Reproduce the listing that follows word for word, without its pictures.

◆ Available data:

------------------------------------

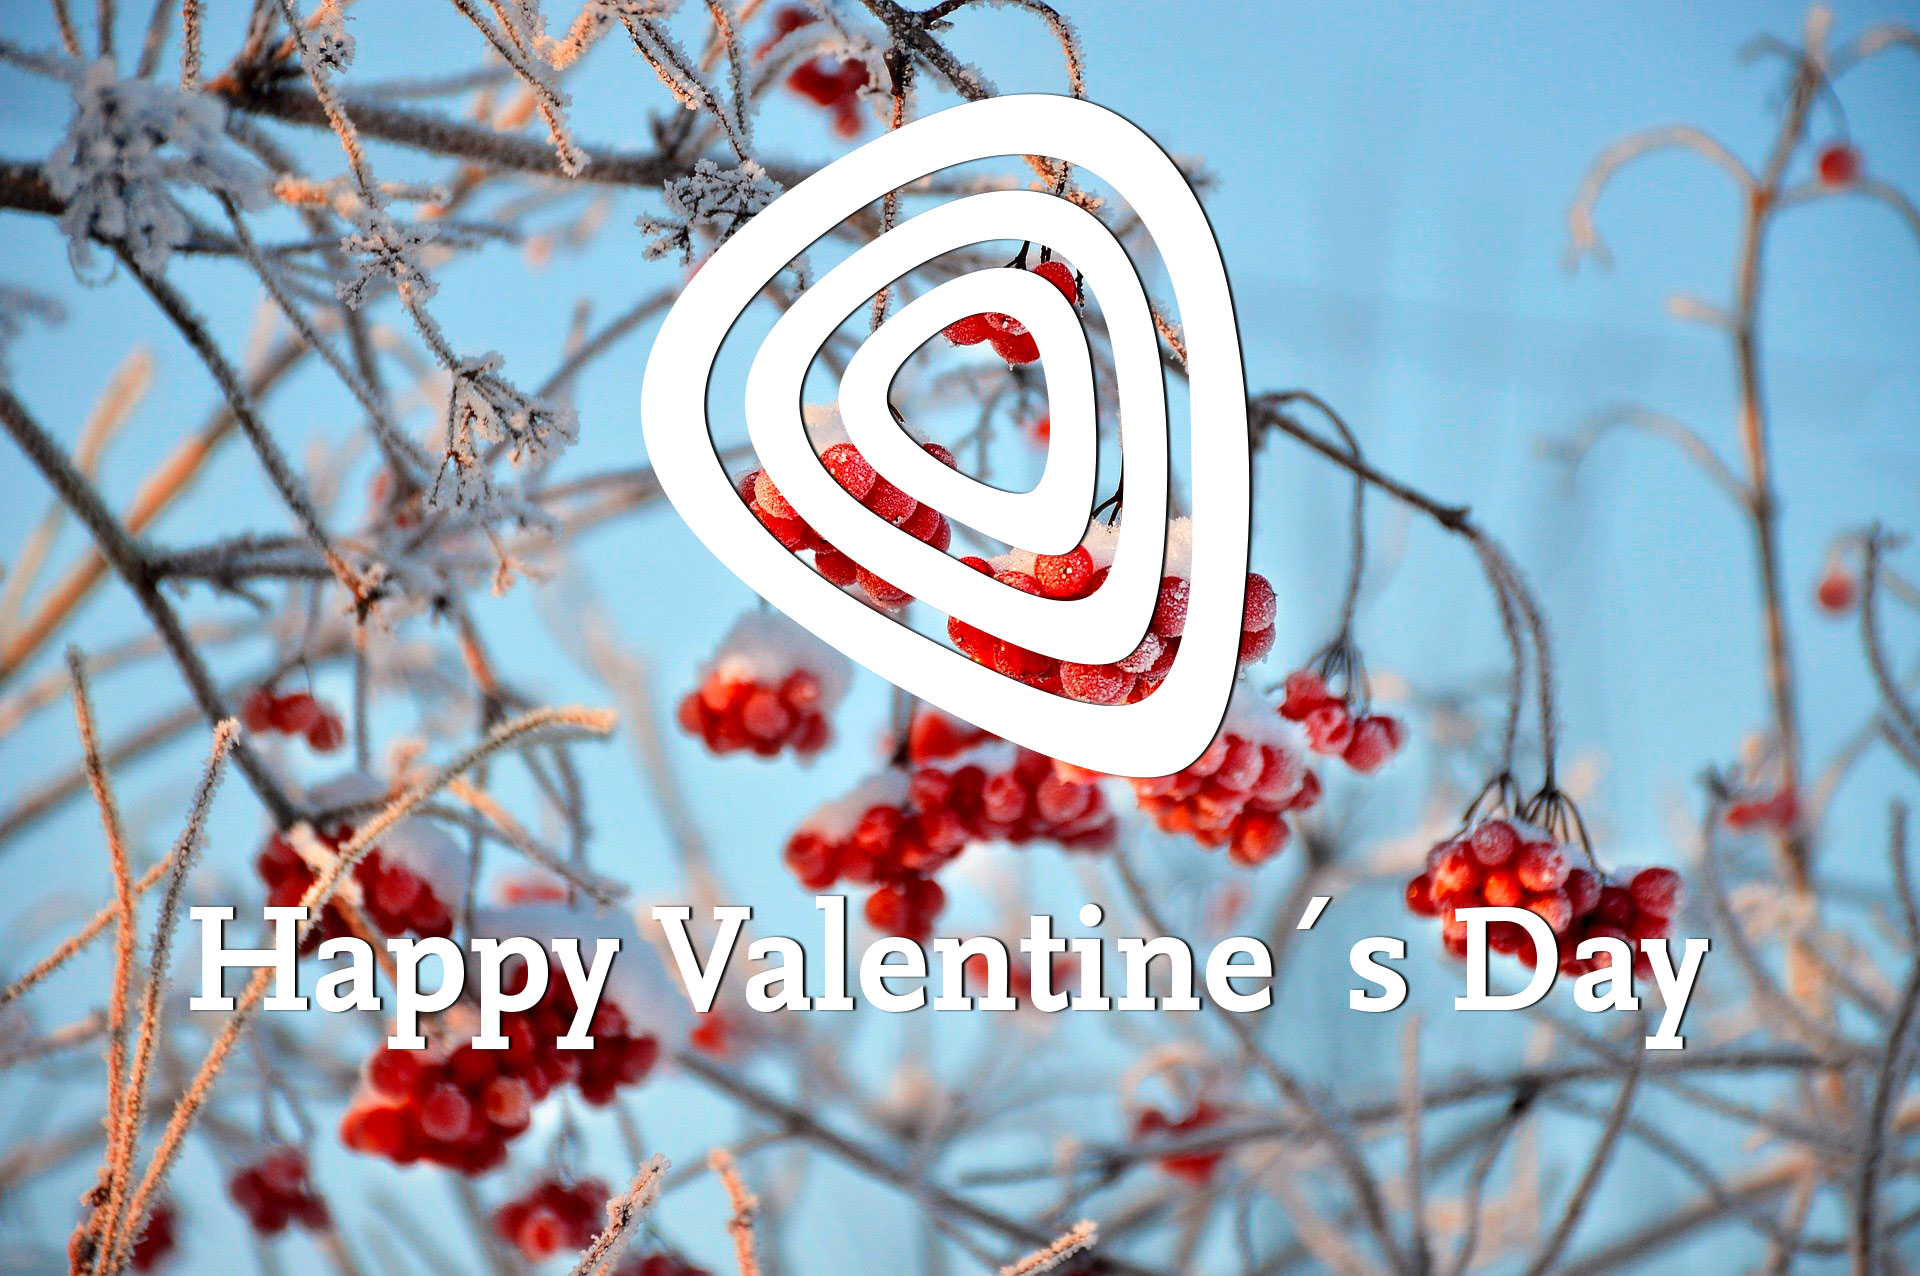 Valentinstag in besonderen Zeiten
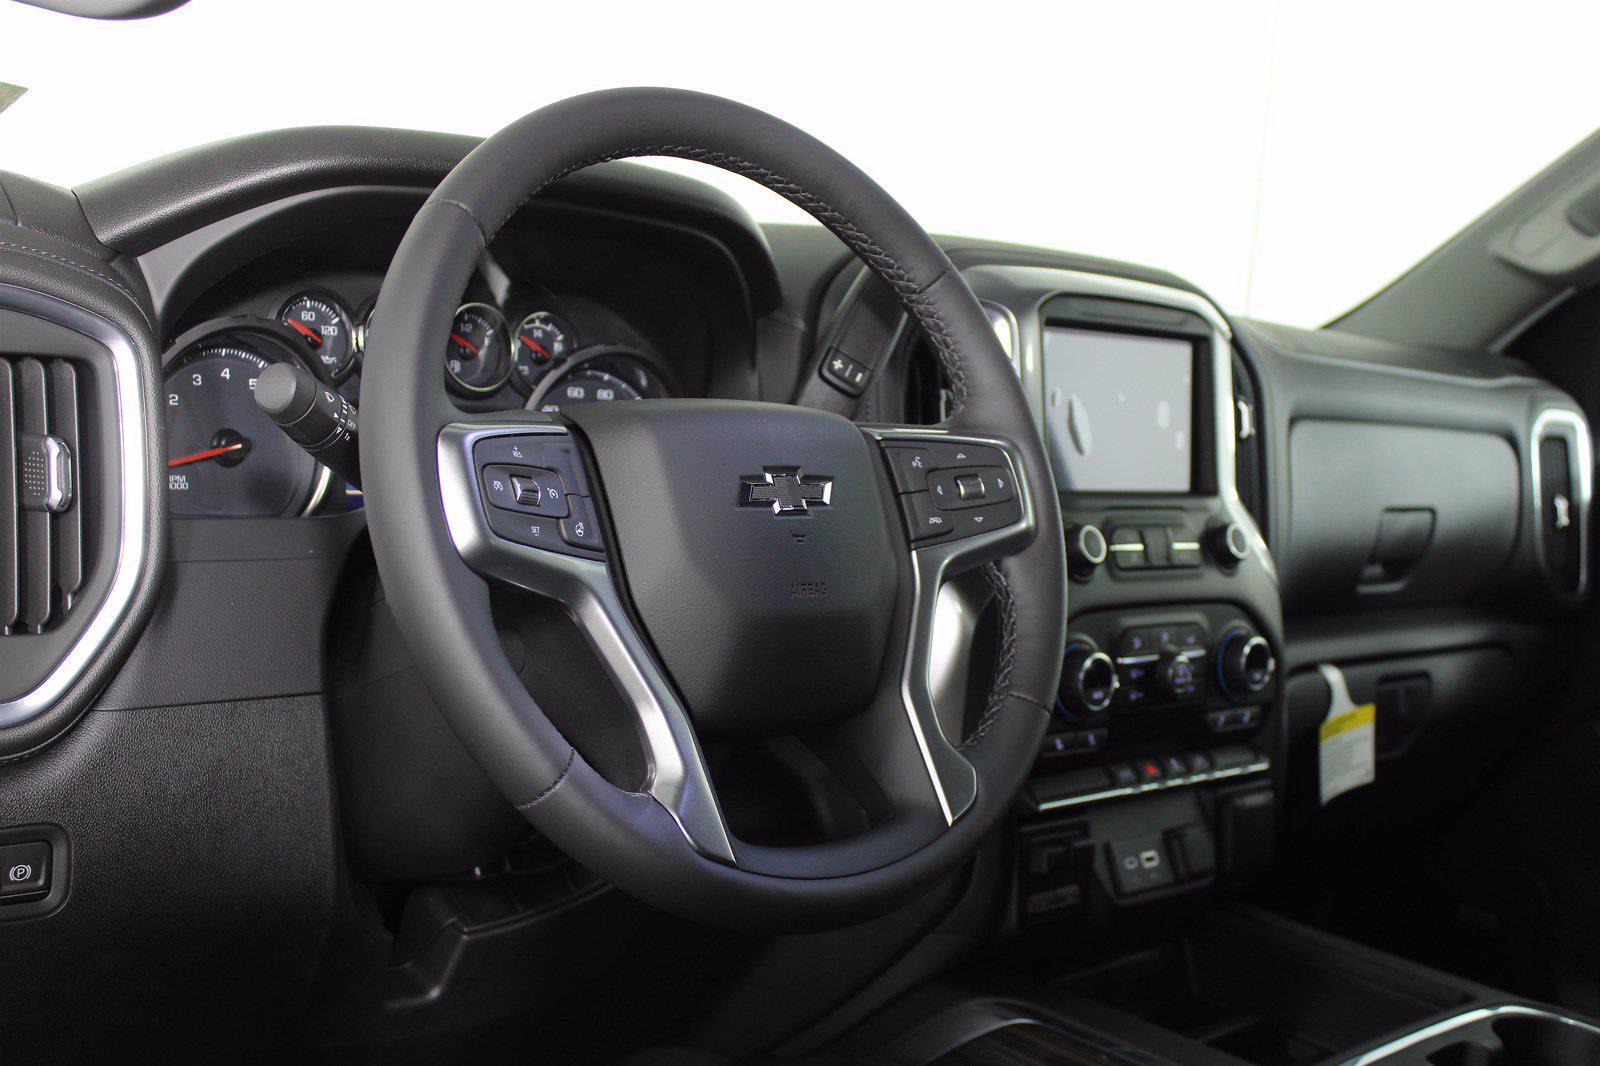 2021 Chevrolet Silverado 1500 Crew Cab 4x4, Pickup #D111073 - photo 10
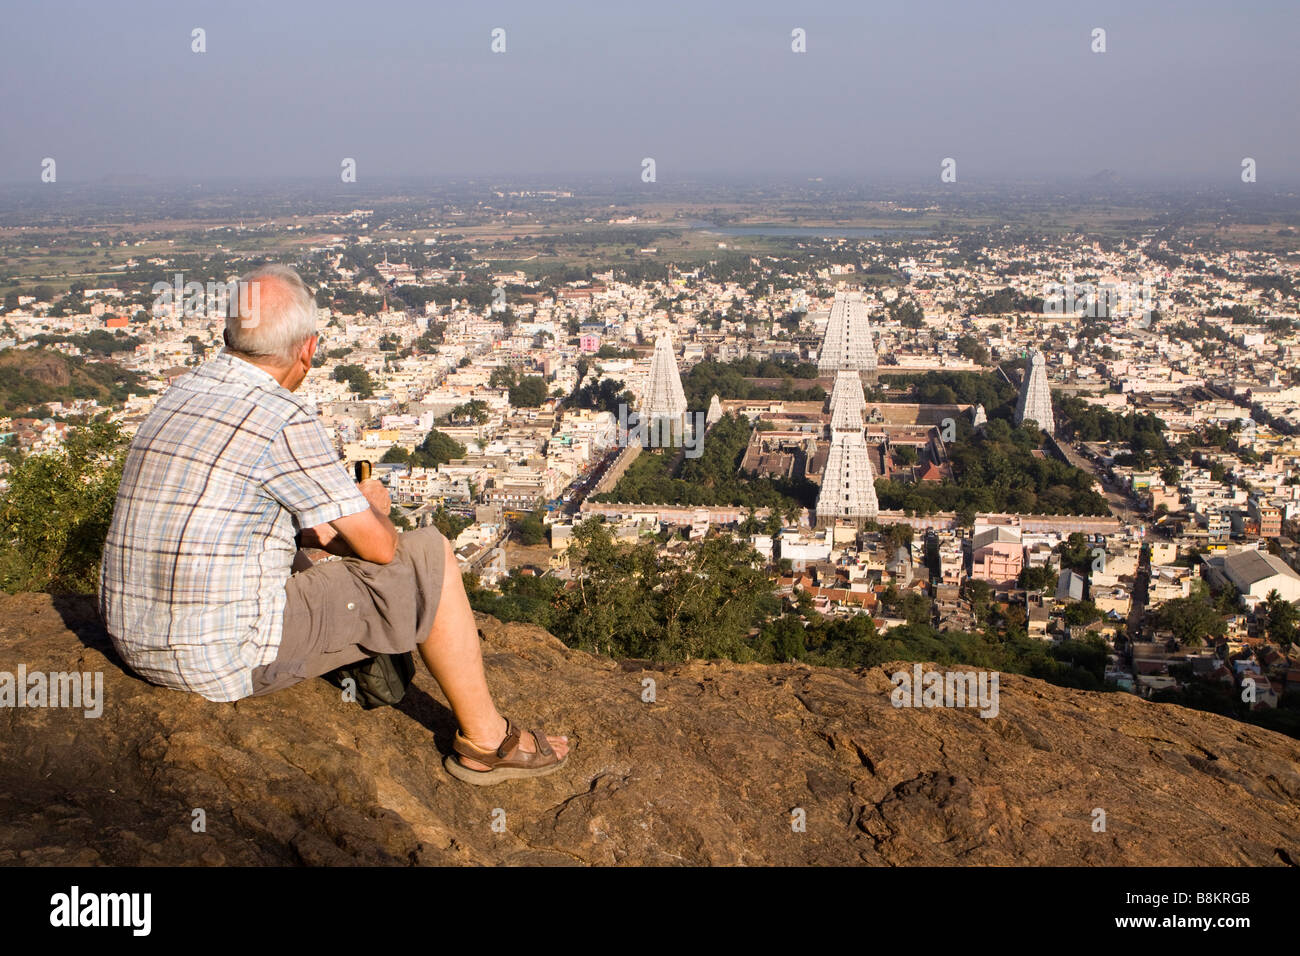 India Tamil Nadu Tiruvannamalai western visitor admiring hillside view above Arunachaleswar temple - Stock Image
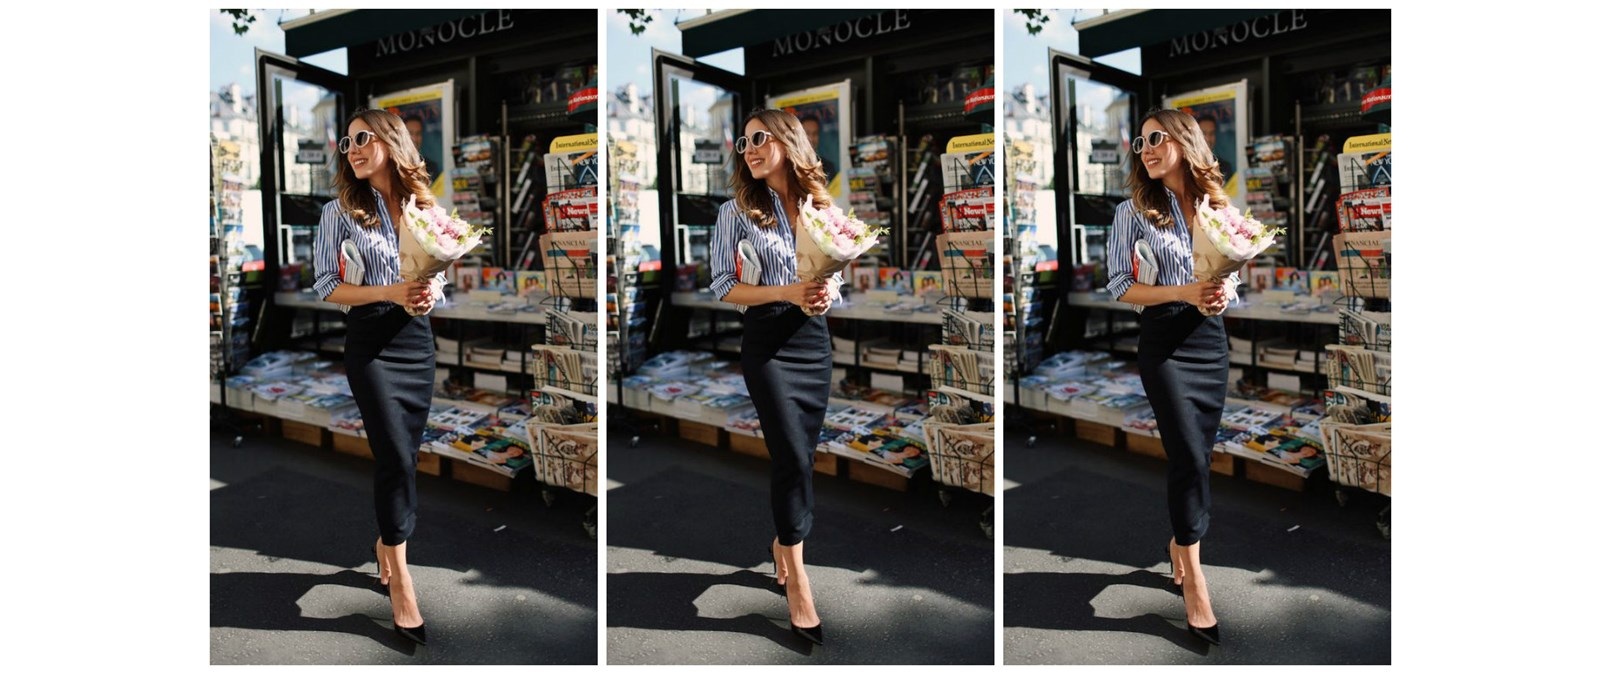 9328788a2b Γαλλικό στυλ  Τα 8 μυστικά για να ντύνεσαι σαν να ζεις στο Παρίσι

------------------------------------

◆ Solution to the exercise:
 Valentinstag in besonderen Zeiten
 2021 Chevrolet Silverado 1500 Crew Cab 4x4, Pickup #D111073 - photo 10
 India Tamil Nadu Tiruvannamalai western visitor admiring hillside view above Arunachaleswar temple - Stock Image
 9328788a2b Γαλλικό στυλ  Τα 8 μυστικά για να ντύνεσαι σαν να ζεις στο Παρίσι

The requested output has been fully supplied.